Metric name | Measure | Scope | Updated | Description |
---|---|---|---|---|
Connection Retry Information | total number of reconnects and the last known reconnect time | Since the application was started | the total number of reconnects and the last known reconnect time that occurred Visible only if a retry attempt has been made by the adapter. | |
Discarded Event Count | Total number of events discarded | Since the application was started | After each event/batch execution | the total number of events discarded across all tables |
Queued Batches Size In Bytes | size of all queued batches | Since the application was started | the size of all queued batches in bytes For BigQuery and Snowflake only: calculated and populated only when the application is configured in streaming mode | |
Table Write Info | JSONArray listing DWH-specific metrics | Since the application was started | After each batch execution | a list of sub-metrics showing granular table-level write info See details in table below. |
Target Freshness | Time since a batch was executed | Since the application was started | After each batch execution | the time since a batch was executed across all tables. |
Write Timestamp | Time when a batch was executed | Since the application was started | After each batch execution | the time the last batch was executed |
Table Write Info sub-metrics
Name | Measure | Scope | Updated | Description |
---|---|---|---|---|
Avg Batch Size in bytes | Average Size of a Batch | Since the application was started | After each batch execution | The average size of a batch in bytes. |
Avg Compaction Time in ms | Average Compaction Time | Since the application was started | After each batch execution | The overall average compaction time taken across all the batches |
Avg Event Count Per Batch | Average Event Count present in a Batch | Since the application was started | After each batch execution | The Average Number of events present in a batch |
Avg Integration Time in ms | Average Overall Time for a Batch to make it to the Target Table | Since the application was started | After each batch execution | Average Time taken to move a processed batch to the target table.
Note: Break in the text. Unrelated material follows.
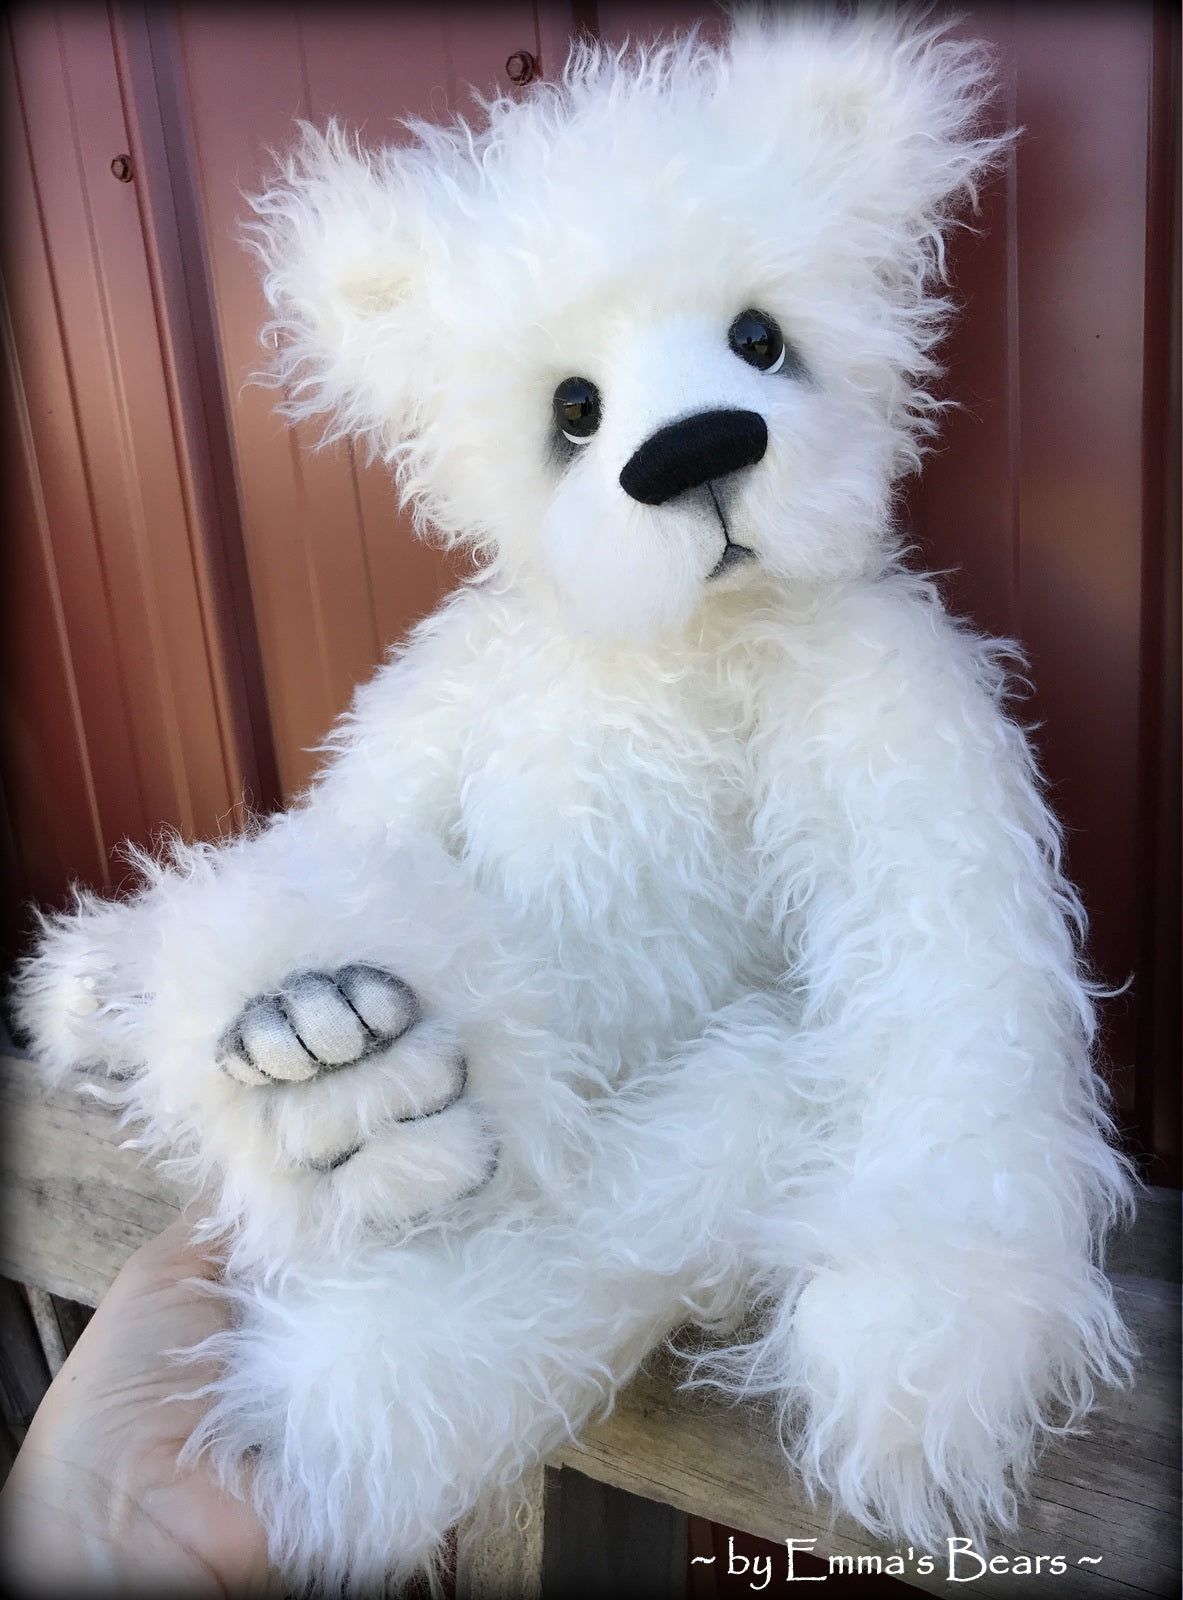 Toddler Amara Adeline - 22in white MOHAIR Artist toddler style Panda Bear by Emmas Bears - OOAK

This includes all the sub processes like Upload, Compaction, Merge etc., |
Avg Merge Time in ms | Average Merge Time | Since the application was started | After each batch execution | The overall average merge time taken across all batches |
Avg Micro Batch Count Per Batch | Average number of micro batches | Since the application was started | After each batch execution | Average number of micro batches present in a batch Visible and populated only when using Streaming mode in DWH Adapters. |
Avg Stage Resources Management Time in ms | Average time taken to clear/create the staging resources | Since the application was started | After each batch execution | The Average time taken to clear/create the staging resources such as stage table & area. |
Avg Upload Time in ms | Average Upload Time | Since the application was started | After each batch execution | The overall average upload time taken across all the batches |
Avg Waiting Time in Queue in ms | Average Batch waiting time in queue | Since the application was started | After each batch execution | The average time batches spent waiting in the queue. |
Last Applied DDL Statement | Latest DDL statement executed in the Target Table | Most Recent Object | After each DDL Batch | The last executed DDL statement for a specific table. This metric is visible only when a DDL execution has occurred. |
Last Applied DDL Time | Latest DDL Batch Executed Time | Most Recent Object | After each DDL Batch | Time of the last executed DDL for a specific table. This metric is visible only when a DDL execution has occurred. |
Last batch info | number of updates, inserts, deletes, and other batch-specific metrics. | Most Recent Object | After each batch execution | Shows the granular metrics from the last executed batch. Includes details like the number of updates, inserts, deletes, and other batch-specific metrics. |
Last successful merge time | Latest Batch Executed Time | Most Recent Object | After each batch execution | Time of the last executed task for a specific table. Updated in both Append Only and Merge modes, regardless of naming. The batch execution end time is noted and updated as the last successful merge time for each batch. |
Mapped Source Table | Source table name | Most Recent Object | After each batch execution | Indicates the source table to which the target table is mapped. |
Max Integration Time in ms | Maximum time taken for a batch to make it to the target table | Since the application was started | After each batch execution | The maximum taken for a processed batch to reach the target table |
Min Integration Time in ms | Minimum time taken for a batch to make it to the target table | Since the application was started | After each batch execution | The minimum time taken for a processed batch to reach the target table |
Total Batches Created | Total Batches Created | Since the application was started | After each batch execution | Total number of tasks created for a specific table |
Total Batches Queued | Total Batches Queued | Since the application was started | After each batch execution | Total number of tasks currently in queue for a specific table. |
Total Batches Uploaded | Total Batches Uploaded | Since the application was started | After each batch execution | Total number of tasks successfully executed for a specific table. |
Total event info | number of DDLs, inserts, deletes, pk updates, and total events merged. | Since the application was started | After each batch execution | Depicts the overall event count for a specific table. |
Total Micro Batches Created | Total Micro Batches Created | Since the application was started | After each micro-batch execution | Total number of micro-batches created for a specific table. |
Total Micro Batches Uploaded | Total Micro Batches Uploaded | Since the application was started | After each micro-batch execution | Total micro-batches successfully executed for a specific table. |
Troubleshooting using data warehouse monitoring metrics
Poor Target Freshness:
Issue: If the target freshness is high (e.g., several hours or more), it indicates that the target adapter has not processed any batches for a significant amount of time.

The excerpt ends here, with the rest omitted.